The US govt can't pay you US$2 billion without it showing up as a line item in the federal budget. That's like 20% of the NSA's funding. You'd have to get authorization from the President and hold some emergency session of Congress. Other governments would pay less.
Hacking the normal banking system is also challenging. If you steal US$2 billion someone is going to notice and simply undo the transaction because banking doesn't believe in "code as law".
Changing global politics (e.g. allowing the complete decryption of diplomatic messages) has a value and magnitude of impact that is not easily measured in dollar terms.
I’ve spent the last 15 years working in cryptography. I’m now running a startup making quantum computers. I know my customers :)
Switching to one-time-pads is easier said than done. Upgrading to PQC will be complicated and difficult, and there is a lot of recorded historical messages.
You're looking at it wrong. There doesn't need to be a generalizable, embarrassingly parallel, computationally lower class, key reduction.
Just this specific implementation with these specific wallets maybe using a version of the btc code with a small recently discovered bug that existed say for 3 months in 2011
You can have something extremely localized and get this result. And this is exactly the behavior people have long game theoried would happen under such a scenario.
You're implicitly making the claim that just because you can't find something widely discussed in literature than any optimization of any kind is impossible and nobody would ever dare to keep an advantage in stealing bitcoin wallets secret.
Stuxnet is way less plausible than this yet that happened.
People have been trying to do this for a decade and have in aggregate thrown probably north of $100 million into it through separate efforts. The idea of someone finally succeeding is kind of expected.
Again the only claim I'm making here is that this is not only a non-zero chance, but, in my mind, an over 90%.
the most likely weakness is in the ECC implementation. i don't understand the math (who does?) but what the debate over https://safecurves.cr.yp.to/ tells me is that very few people know what a "weak curve" is but people agree that they exist. this has always made me sketch on ECC in general, especially since it is also used in Tor. Another possibility is compromising the RNG used for creating the pvt sig? which since these are early addresses they would have been from a very early version of the software, and might have used a shitty RNG. If this is a crack it could definitely be state level actors (who has the US pissed off lately? who have they not?). Whether it is state/private the goal would be to extract as much real money as possible before creating a panic, so will be interesting to see where the money goes.
FYI the “safe curves” charts are garbage self-promotion for his own crypto algorithms. I generally respect DJB, but he didn’t even try to be unbiased with that analysis.
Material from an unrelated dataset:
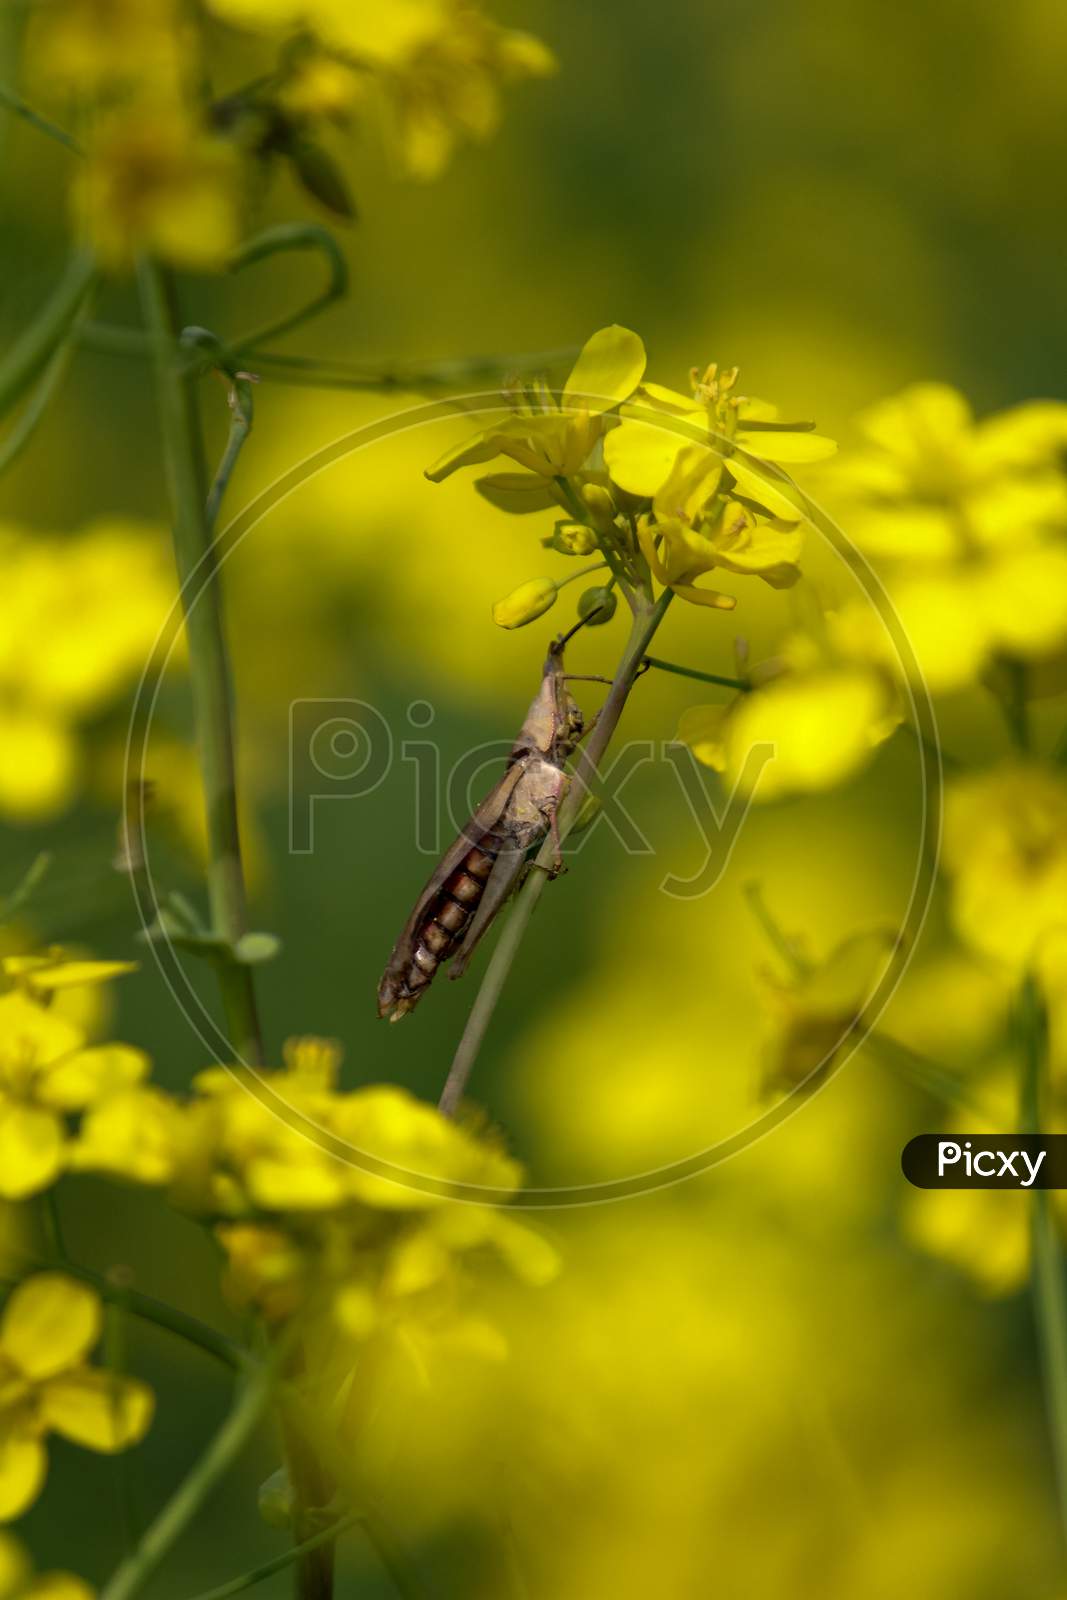 Grasshopper Siting On Stick Of Yellow Mustard Flower in Mustard Field

Just speculating here, but isn't it quite possible someone wasn't intentionally sitting on it for 14 years and instead just couldn't access it? For example, if they've been sitting in prison this whole time. Something like that seems (statistically anyway) more plausible to me than getting lucky on guessing a key.
There are 200 million+ BTC wallets.
They've found 54 out of 200 million+ or about 0.00002% of wallets - in how many years?